22-05-2025
‘The American Game' Review: The Roots of Lacrosse
There are countless books that conflate the American character with various sports. To take two examples, consider Tom Stanton's 'Hank Aaron and the Home Run That Changed America' (2004), about the great slugger's record-breaking 715th dinger, and Sally Jenkins's 'The Real All Americans' (2007), about the Carlisle Indians football squad in the late 19th and early 20th centuries.
S.L. Price's 'The American Game' is about lacrosse, a sport that hasn't changed America but instead reflects changes in America. Once a niche pursuit, lacrosse is now a national passion—if not a national pastime—and Mr.
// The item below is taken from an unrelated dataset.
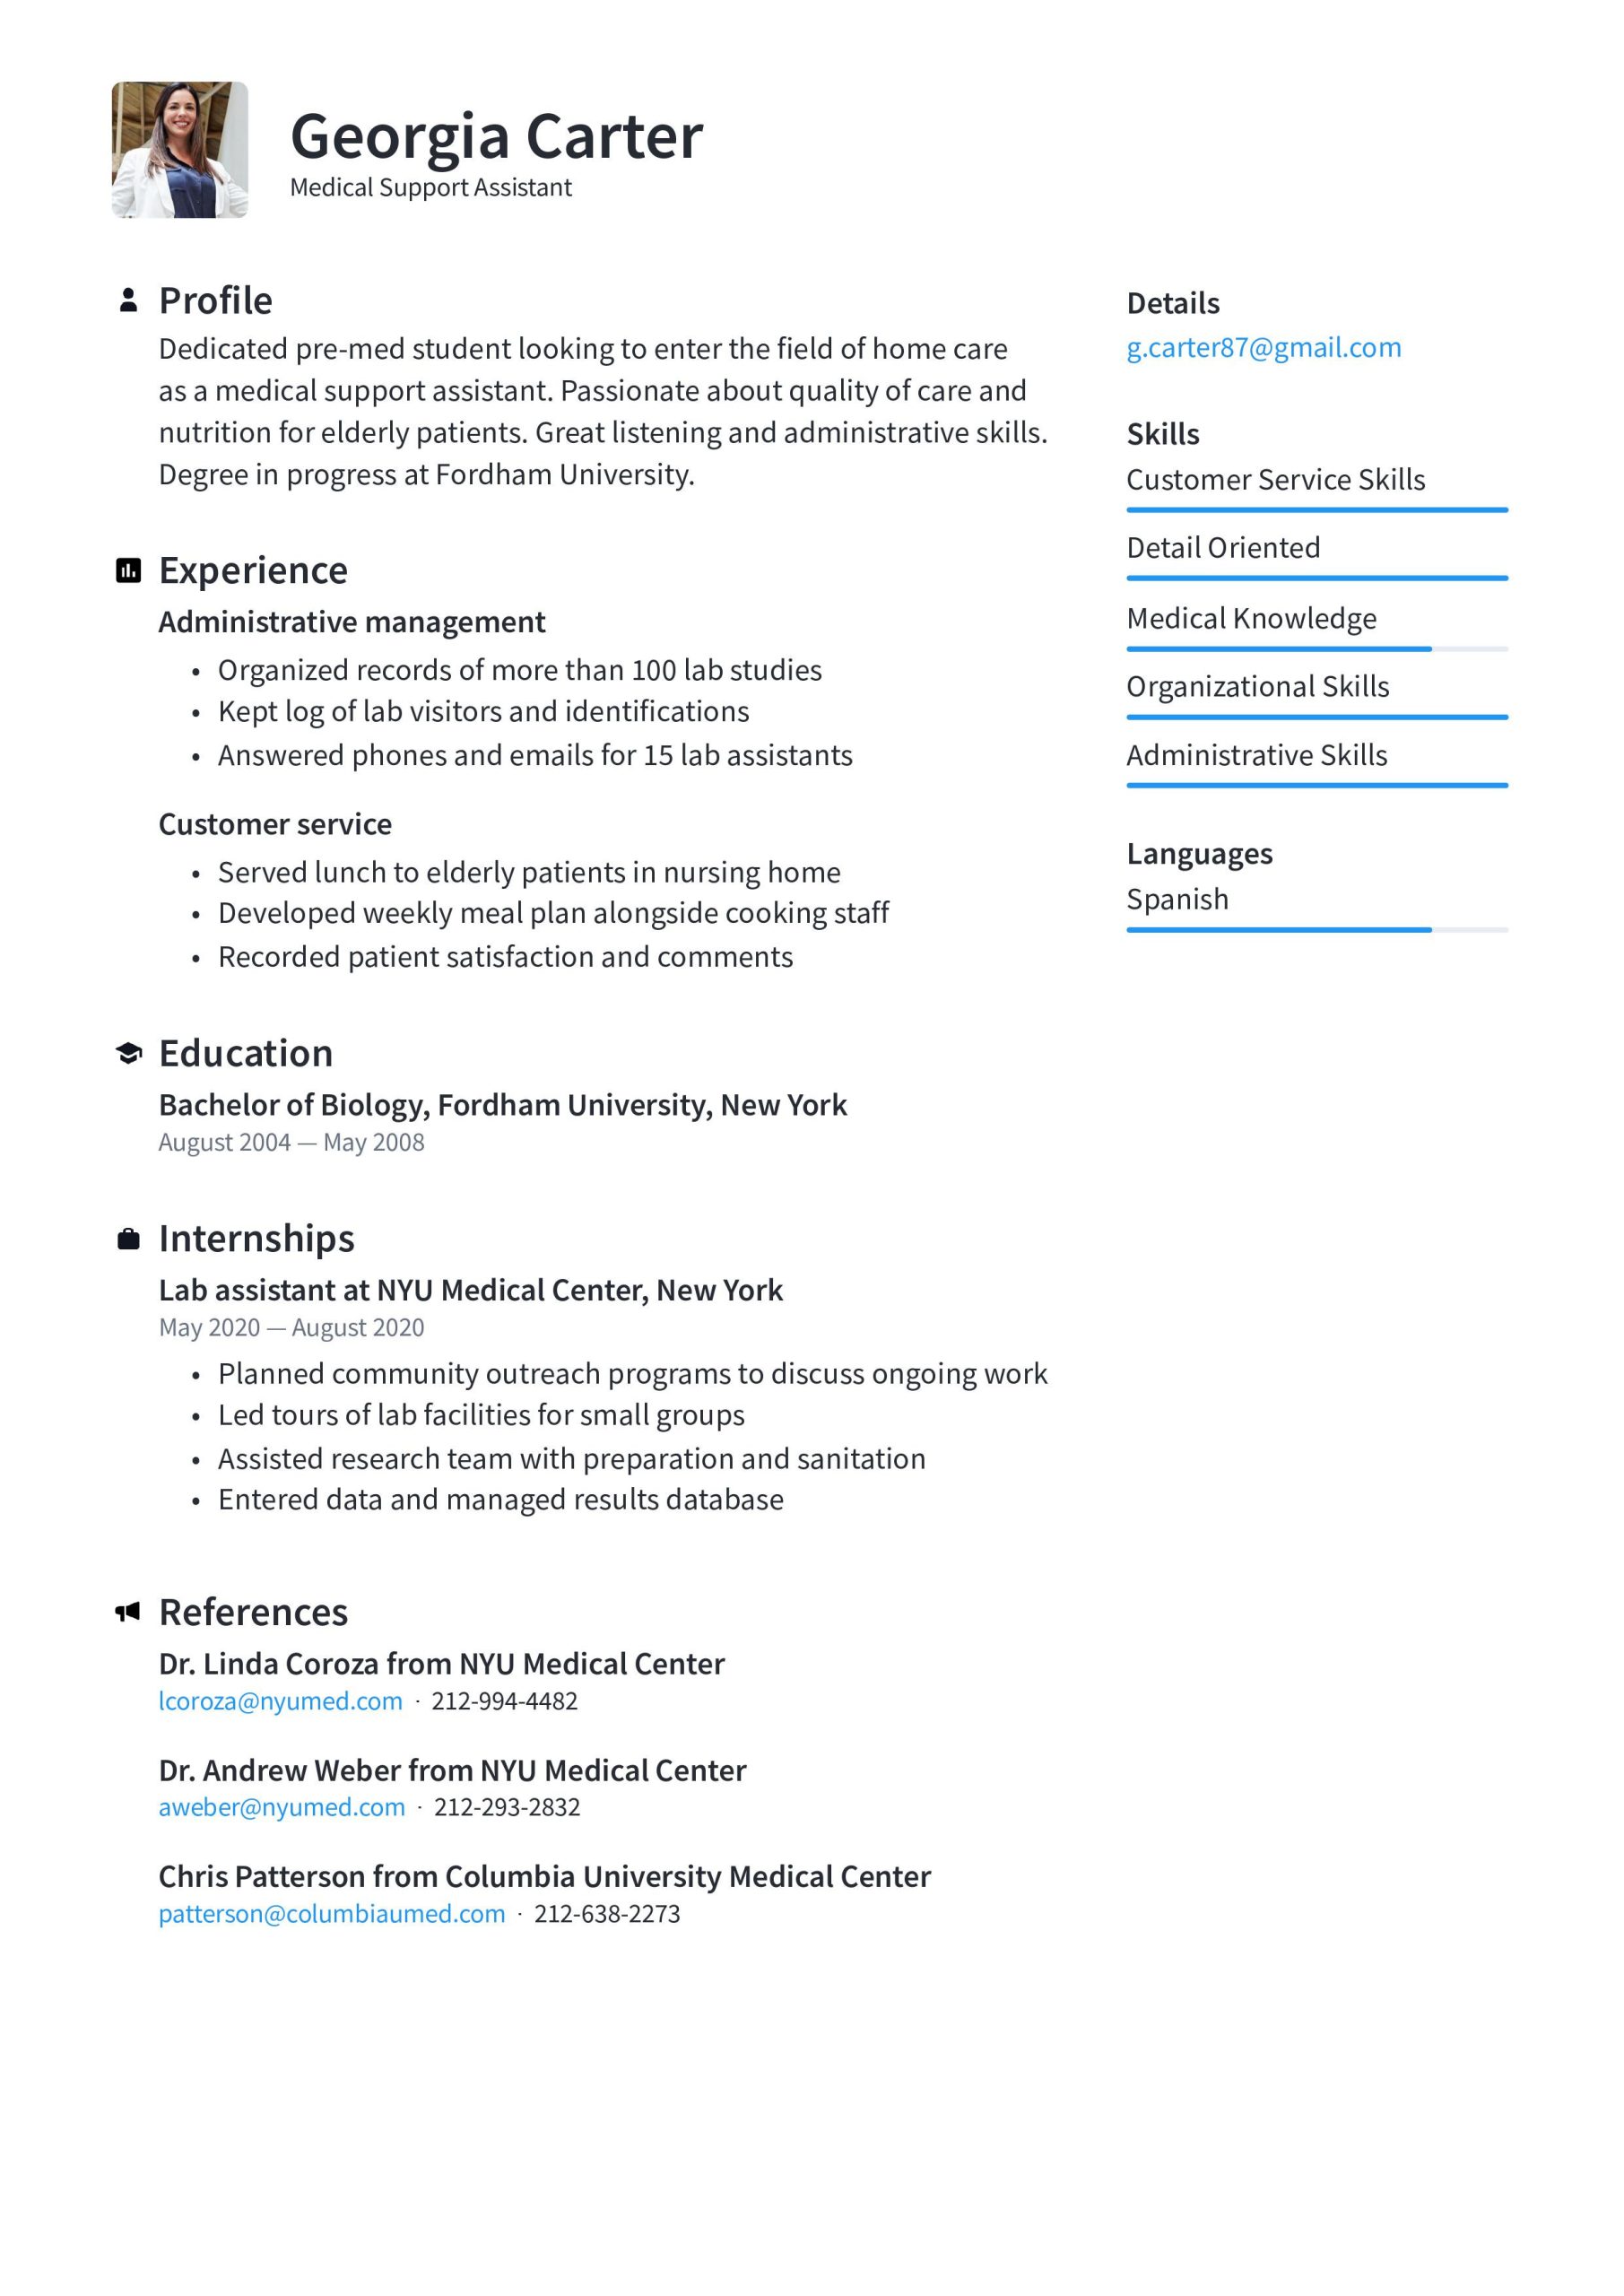 Sample Functional Resume with No Work Experience Functional Resume format: Examples, Tips, & Free Templates

Price makes a persuasive case that the sport is the true American game. Baseball and football can arguably trace roots to Great Britain (rounders and rugby). Lacrosse sprouted on North American soil.
'On the one hand it is the most spiritual sport on Earth, a religious practice fashioned by Indigenous Americans to honor their god, heal their ailing and play in their heaven,' Mr. Price writes. 'On the other, it is the sport of Range Rovers and Vineyard Vines, a lifestyle with little on its mind beyond the right college, the next red cup of beer, and graduation into some slick-haired, big-money career.'
The conundrum at the center of Mr. Price's book and its ambitious title is how the word 'American' is defined. The author is not concerned with who won this collegiate championship or that international tournament. He explores the roots of lacrosse in the indigenous experience of North America before the continent acquired its name, and how the sport flourished on the huge landmass now home to the U.S. and Canada. Lacrosse is a complicated game. This is a complicated story.